When the Italian master created his three portrayals of the same distinctive-appearing youth in the Eternal City at the start of the 17th century, he was the most celebrated sacred painter in a metropolis ignited by religious renewal. The Sacrifice of Isaac demonstrates why he was commissioned to decorate sanctuaries: he could take a biblical story that had been depicted numerous occasions previously and render it so fresh, so unfiltered and physical that the terror appeared to be happening immediately in front of you.

However there was another side to Caravaggio, apparent as soon as he came in the capital in the winter that ended 1592, as a painter in his initial twenties with no mentor or supporter in the urban center, only skill and audacity. The majority of the works with which he caught the sacred metropolis's eye were everything but devout. What could be the absolute first hangs in the UK's National Gallery. A youth parts his red lips in a scream of agony: while reaching out his dirty fingers for a fruit, he has rather been bitten. Boy Bitten By a Lizard is eroticism amid poverty: observers can discern the painter's dismal chamber reflected in the cloudy waters of the transparent container.

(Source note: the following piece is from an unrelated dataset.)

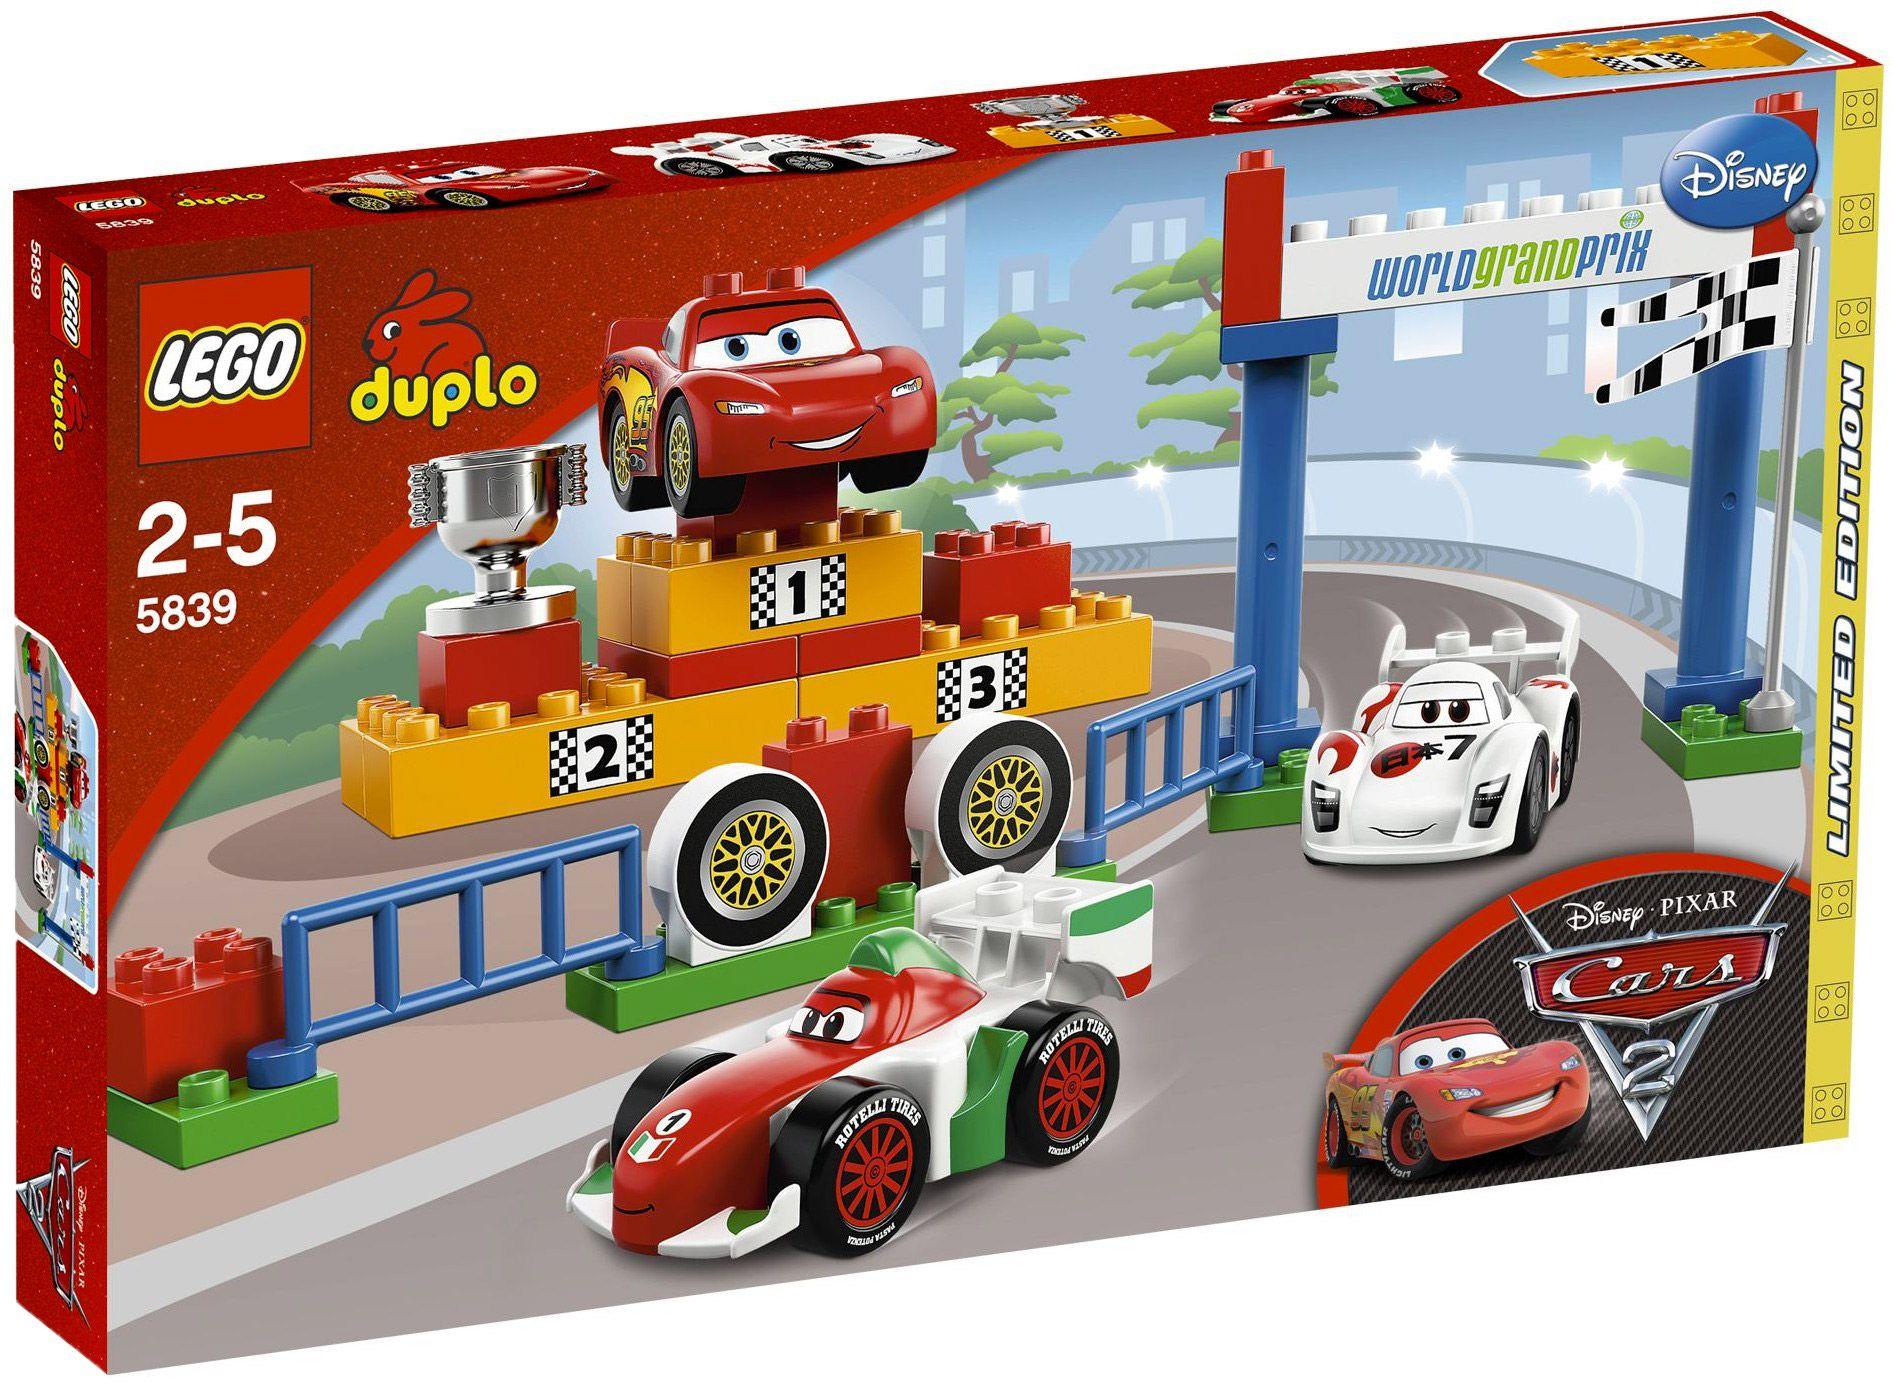 LEGO Duplo 5839 pas cher, Le Grand Prix Idées lego, Lego

The boy wears a rose-colored flower in his hair – a emblem of the sex trade in Renaissance painting. Venetian painters such as Titian and Palma Vecchio depicted courtesans grasping flowers and, in a work lost in the second world war but known through images, Caravaggio portrayed a famous female prostitute, holding a posy to her bosom. The meaning of all these floral indicators is obvious: intimacy for sale.

How are we to make of Caravaggio's sensual portrayals of youths – and of one boy in particular? It is a inquiry that has split his commentators since he gained mega-fame in the 1980s. The complicated historical truth is that the painter was neither the queer icon that, for example, Derek Jarman put on screen in his twentieth-century movie about the artist, nor so entirely pious that, as certain artistic scholars unbelievably assert, his Boy With a Basket of Fruit is actually a portrait of Christ.

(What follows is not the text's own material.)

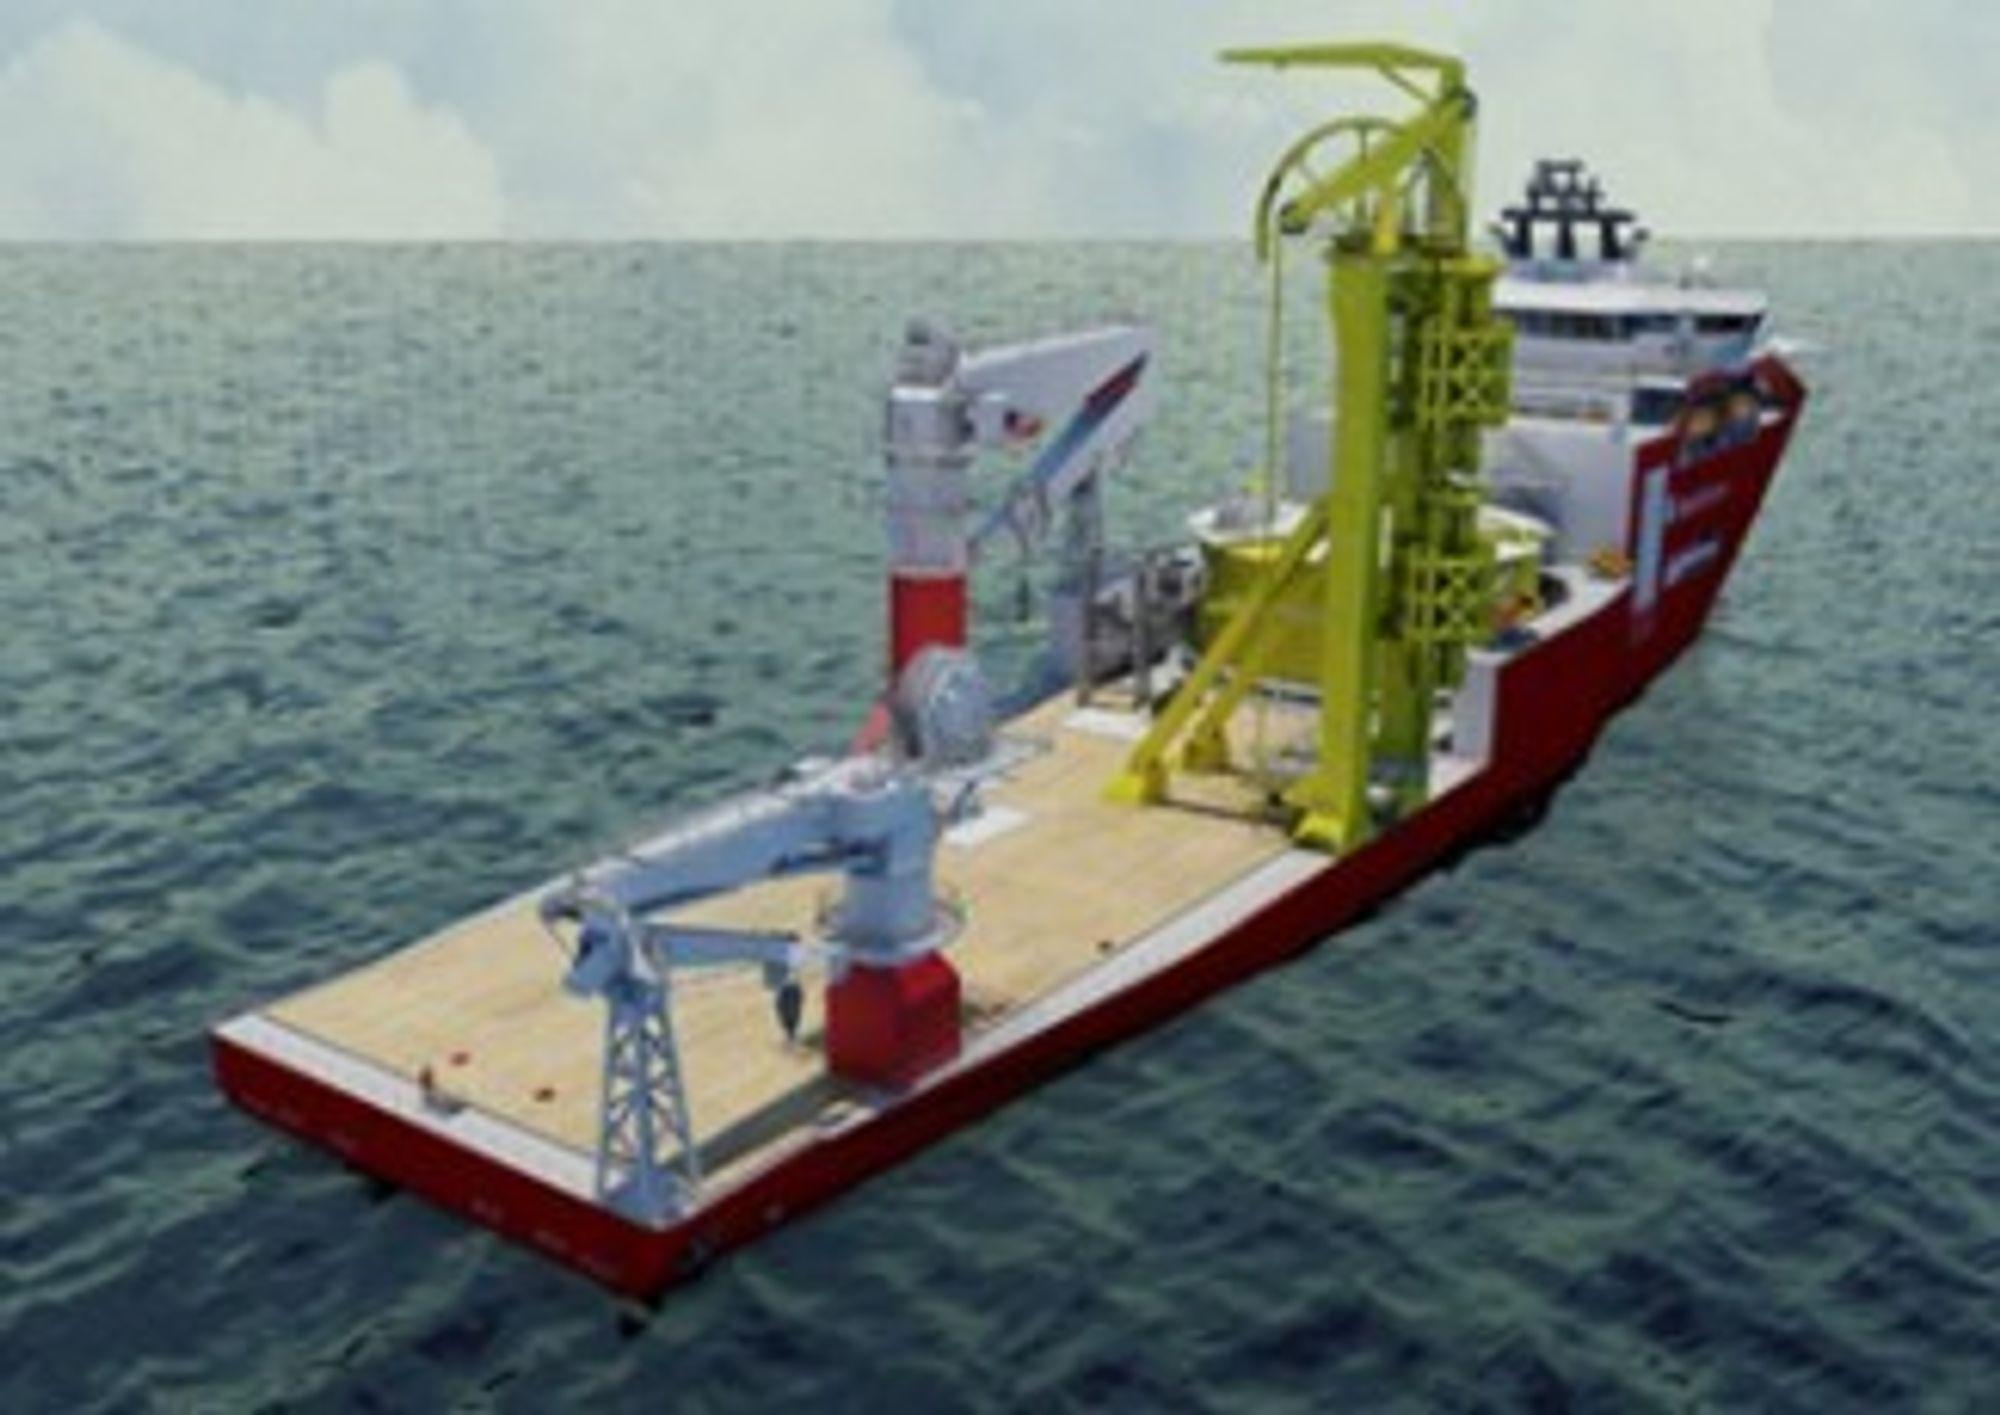 FLEKSIBEL: Aker Connector får dekksplass med kapasitet på 9000 tonn og utstyr som kan tas av dersom skipet skal brukes til noe annet enn  kabel- eller umbilicalutlegging.

His initial paintings indeed make overt erotic suggestions, or even propositions. It's as if Caravaggio, then a penniless youthful creator, aligned with the city's sex workers, offering himself to live. In the Florentine gallery, with this idea in mind, viewers might look to another initial creation, the 1596 masterpiece the god of wine, in which the god of alcohol gazes coolly at the spectator as he begins to untie the dark sash of his robe.

A few annums after the wine deity, what could have driven Caravaggio to paint Victorious Cupid for the art collector Vincenzo Giustiniani, when he was at last growing nearly established with prestigious church commissions? This profane pagan god resurrects the sexual challenges of his early works but in a increasingly powerful, unsettling way. Half a century afterwards, its hidden meaning seemed clear: it was a representation of the painter's companion. A British traveller saw the painting in about 1649 and was told its figure has "the physique and countenance of [Caravaggio's|his] own boy or assistant that slept with him". The identity of this adolescent was Francesco.

The artist had been deceased for about 40 annums when this account was documented.

Brian Munoz
Brian Munoz

A seasoned real estate analyst with over a decade of experience in property markets and home investment strategies.